The staging of thyroid cancer follows the same internationally accepted staging system of T (for primary tumor lesions), N (for lymph node metastases), and M (for distant metastases) (below), which classifies tumors into stages I-IV, with the later the stage, the worse the patient’s outcome.

Differentiated thyroid cancer (DTC) mainly includes papillary thyroid carcinoma (PTC) and follicular thyroid carcinoma (FTC), which account for 90% of thyroid cancers.
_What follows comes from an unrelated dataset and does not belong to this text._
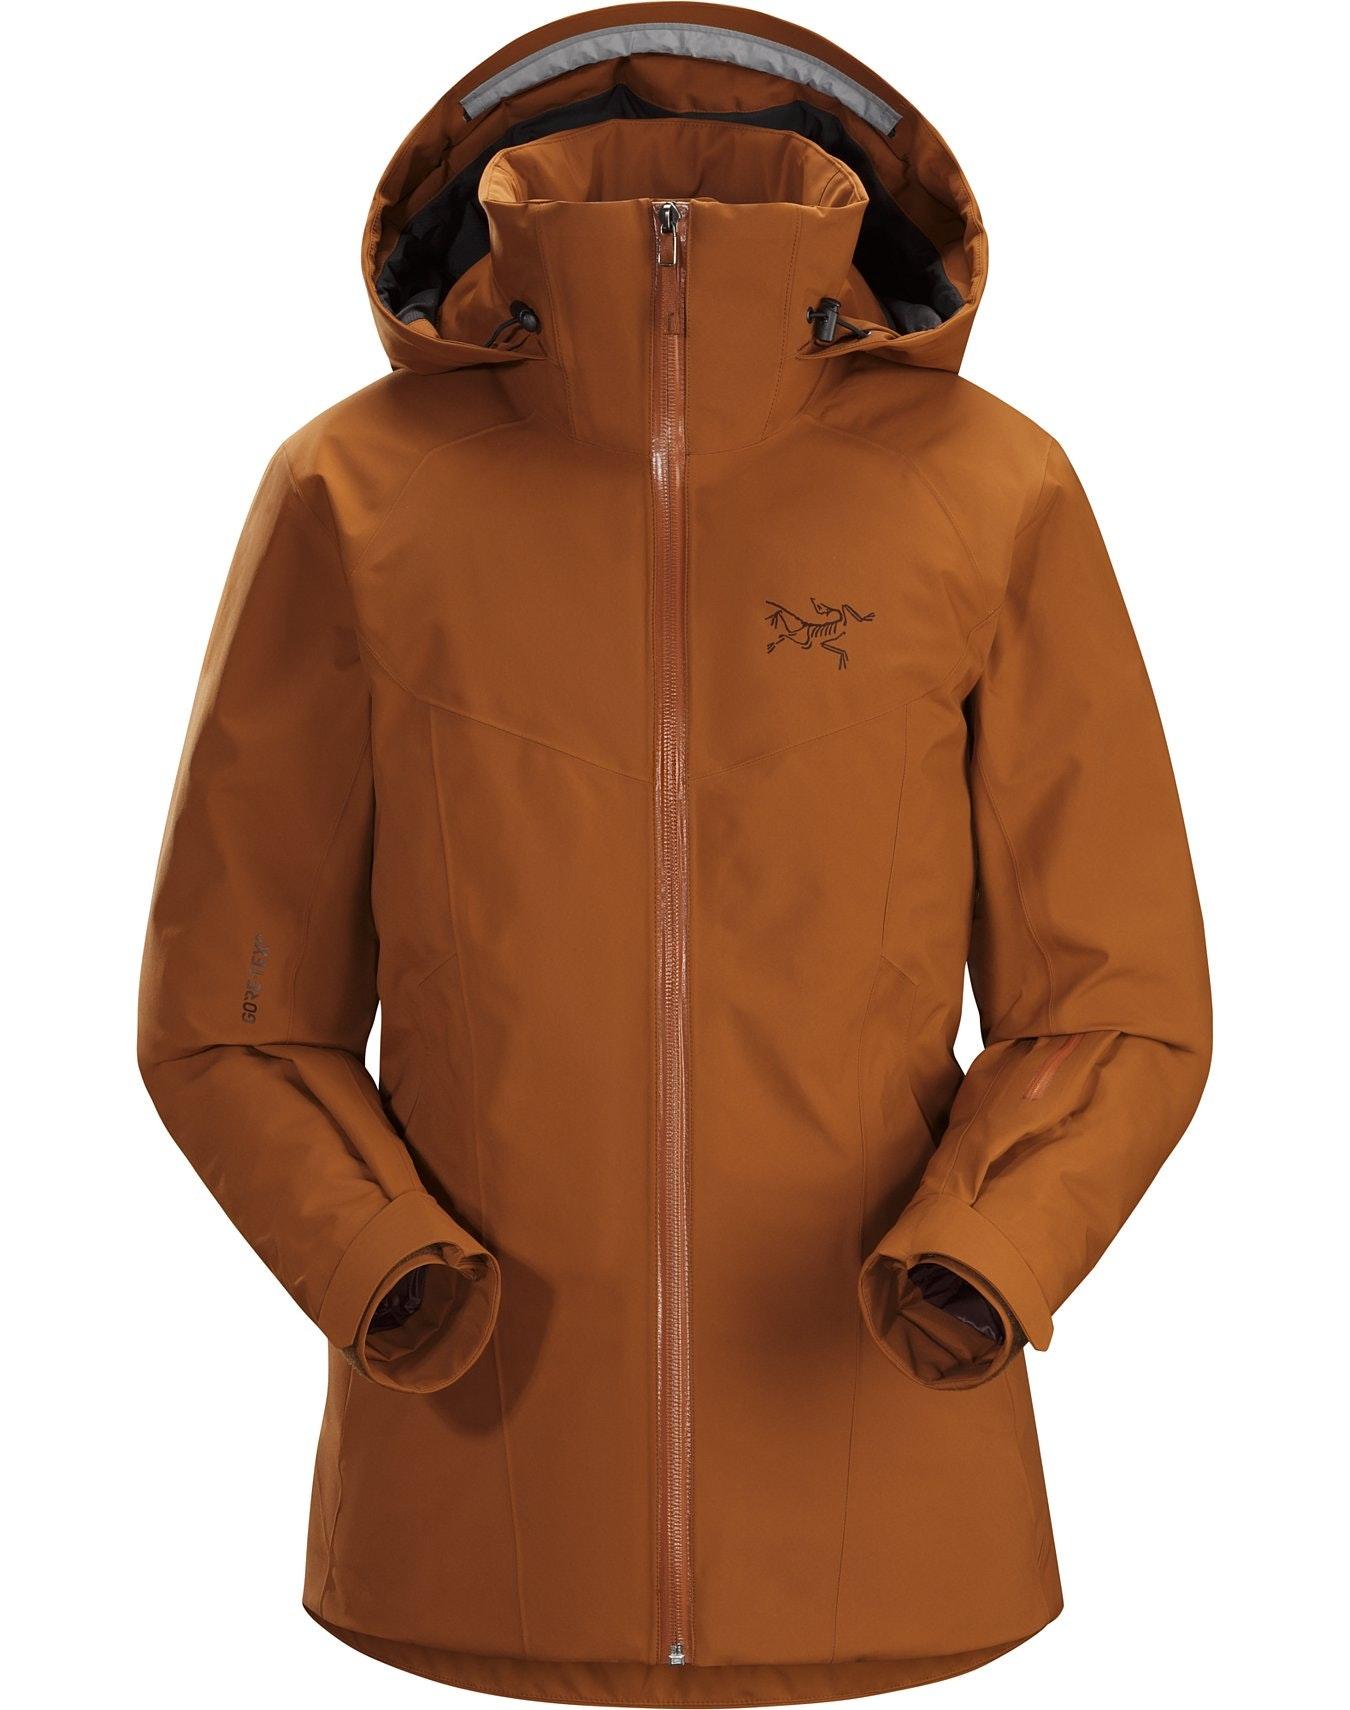 Tiya Jacket   Womens   Arc teryx 86894bc6d

The staging of DTC is related to age at first diagnosis, with 55 years of age as a “cutoff”, as follows:
Under age 55, all are early (stage I or II) (Table 1):
| Table 1. DTC Staging Under Age 55 | |
| Meaning | |
| I Period | No distant metastases, regardless of tumor size or metastasis to regional lymph nodes |
| Stage II | Distant metastases (e.g., lung, bone, brain) |
55 years and older, classified as stage I-IV based on normal TNM staging (Table 2):
| Table 2. Staging at age 55 and older | |
| Staging | Meaning |
| I Period |
Tumor confined to the thyroid with a maximum diameter of ≤ 4 cm; No lymph node metastasis or distant metastasis |
| Stage II |
Meets one of the following two conditions:
|
| Stage III |
invasion of subcutaneous soft tissues, larynx, trachea, esophagus, or laryngeal recurrent nerve, regardless of lymph node metastasis or not, regardless of tumor size; No distant metastasis |
| IVA stage |
invasion of the prevertebral fascia, or encirclement of the carotid artery or mediastinal vessels, regardless of tumor size; No distant metastases |
| Stage IVB |
Distant metastases occurred regardless of the primary lesion and regional lymph node metastatic lesions |
Why do we draw an age line for DTC staging?
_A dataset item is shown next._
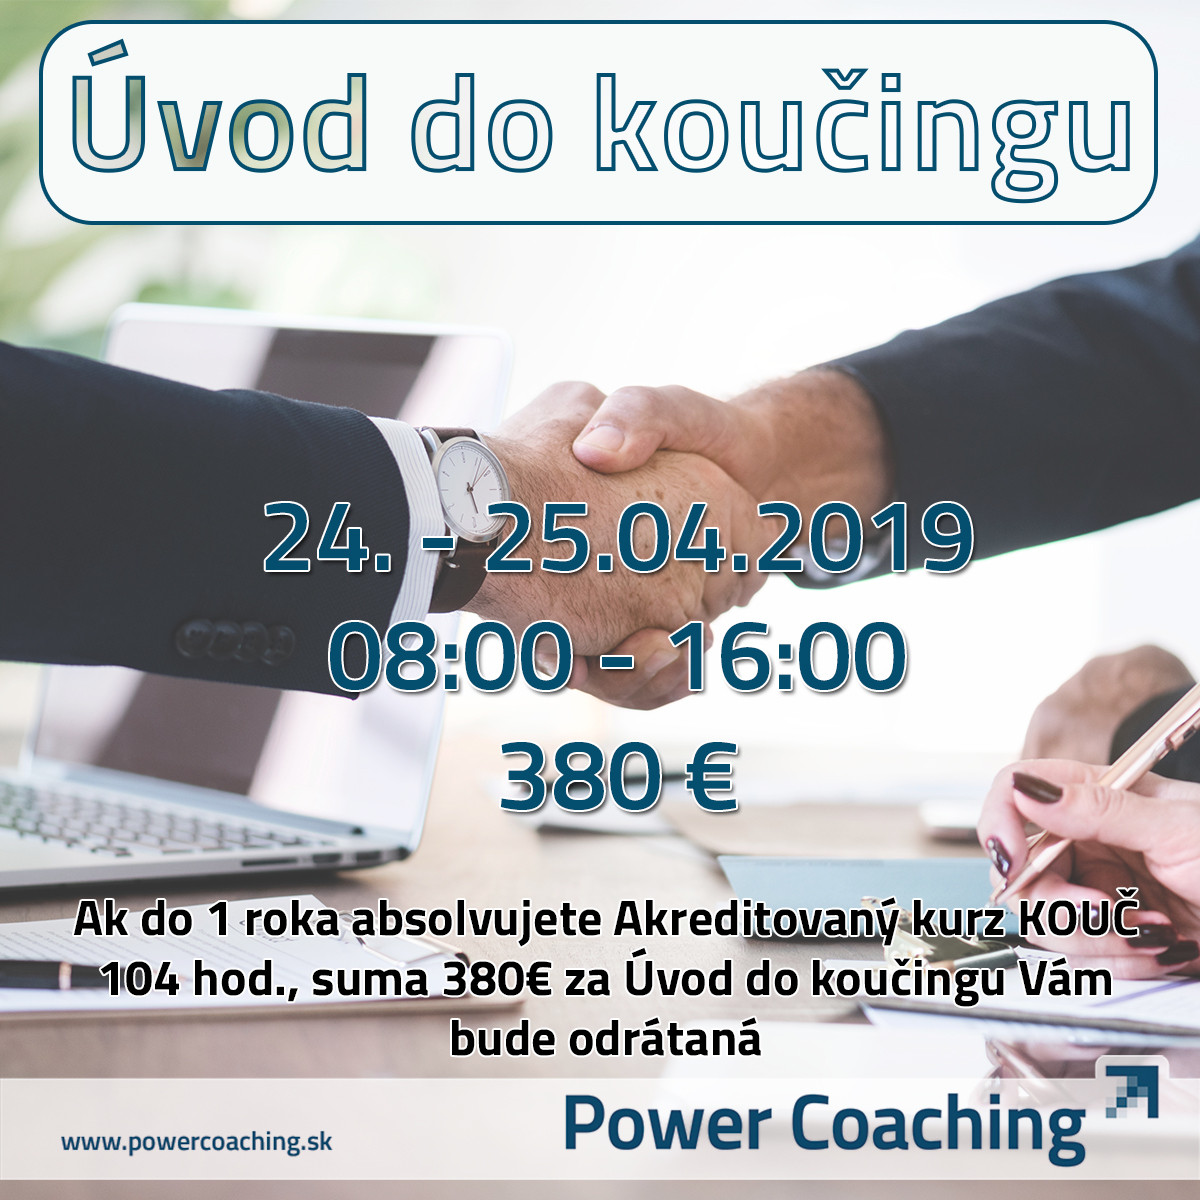 Úvod do koučingu Košice

Briefly, the reason for age delineation is that numerous studies have shown that DTC outcomes are strongly correlated with age at onset. outcomes are very different in patients who develop before age 55 versus after, with younger patients having a better prognosis.
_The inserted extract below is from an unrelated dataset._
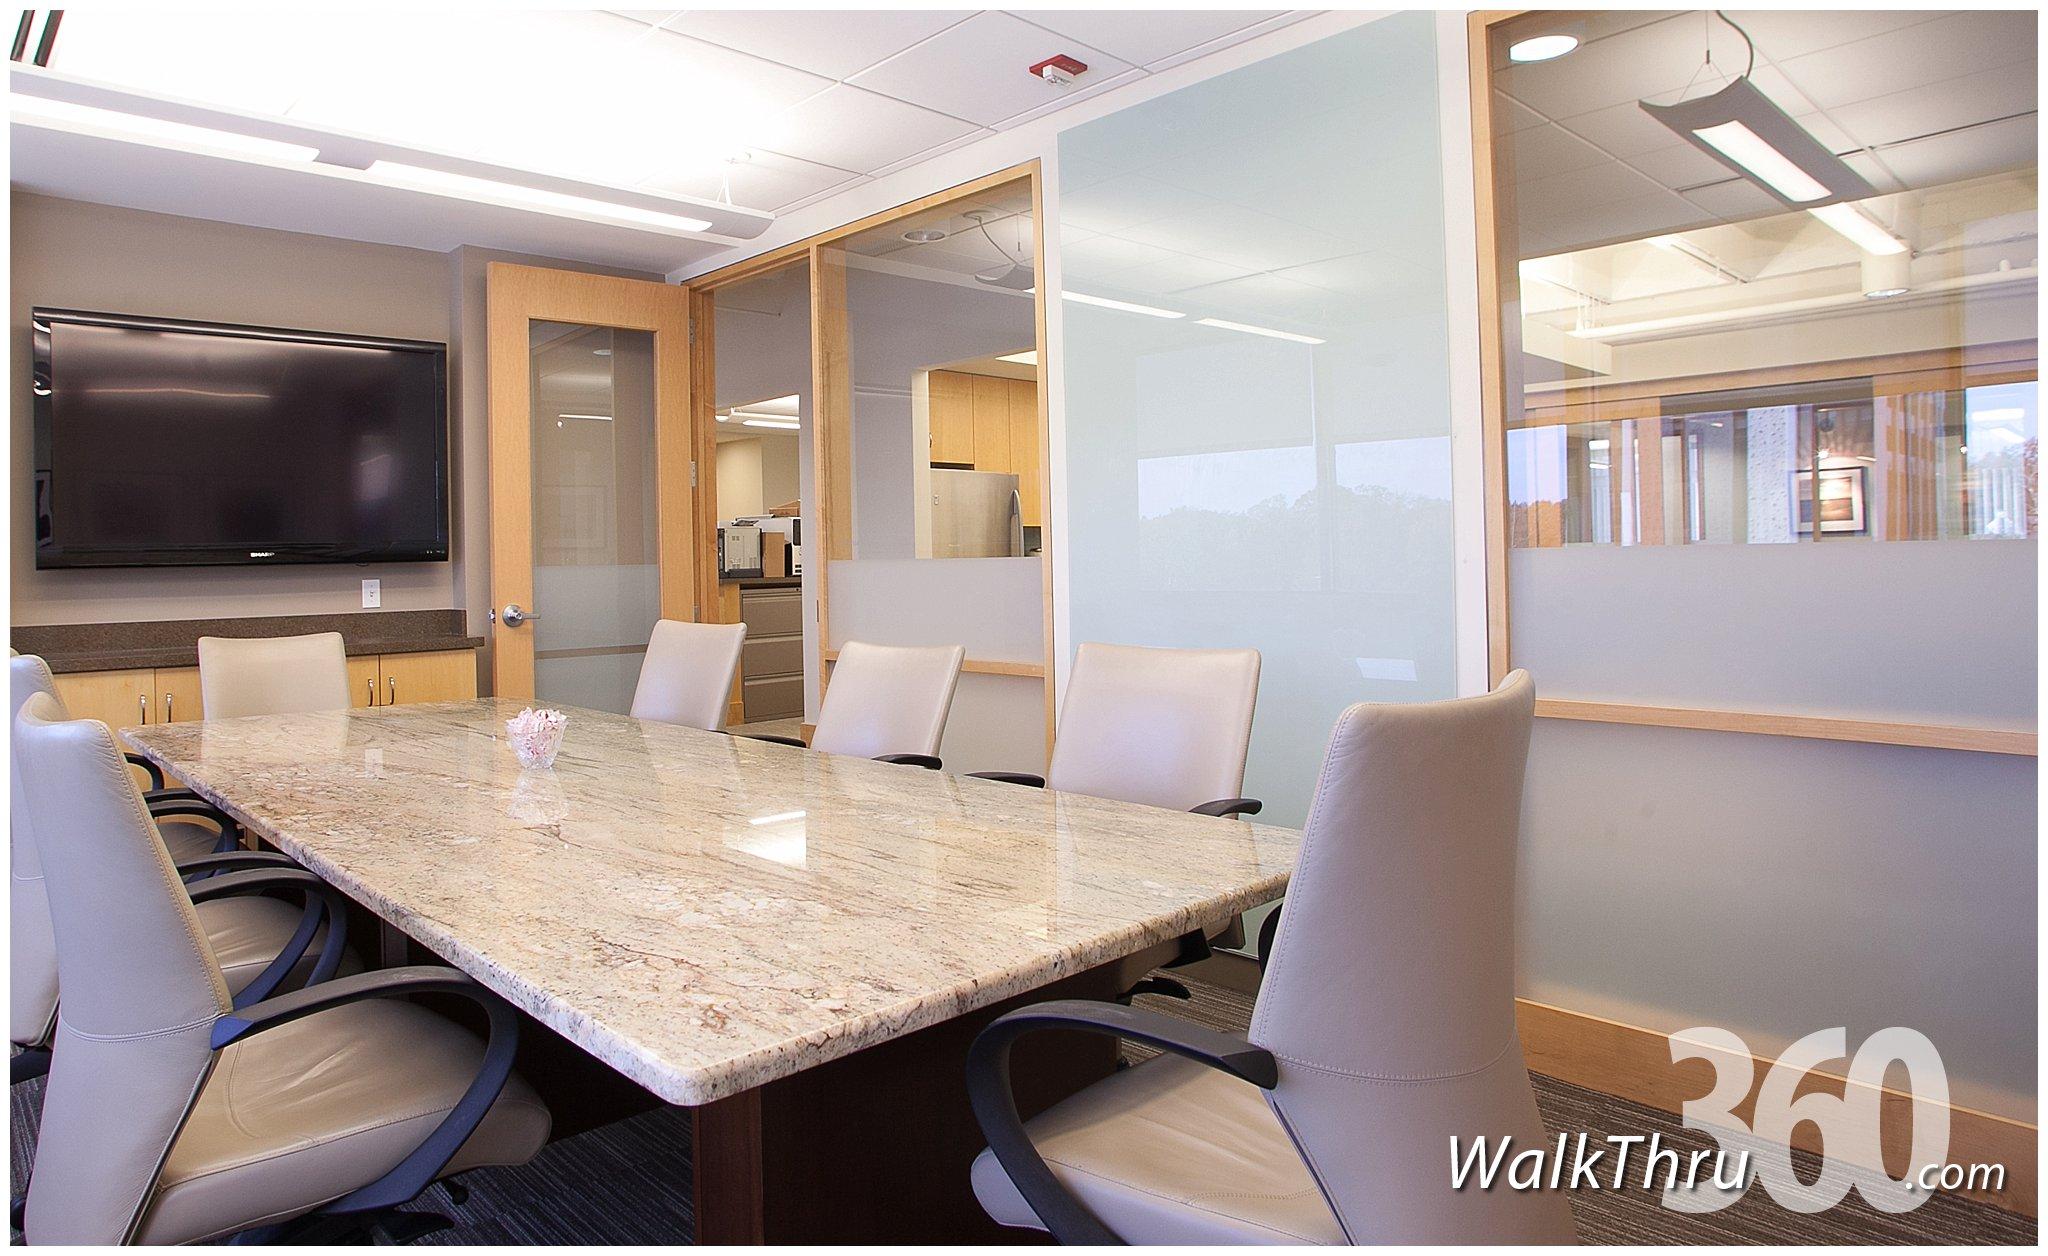 Google 360 Examples Professional Offices Walkthru360

As early as 1979, a study found that age at onset of DTC was associated with survival, with patients older than 45 years having a significantly shorter survival time than those younger than 45 years. Therefore, the 1983 version of TNM staging used 45 years as the cutoff. Several studies since then have also found that age is an independent determinant of patient outcome.
Subsequent studies have shown that when the age cutoff was set at 55 years, 12% of patients were classified as early (stages I-II) compared with 45 years from previously advanced (stages III-IV), and that staging was a more significant predictor of survival. Accordingly, the new age cutoff was changed to 55 years.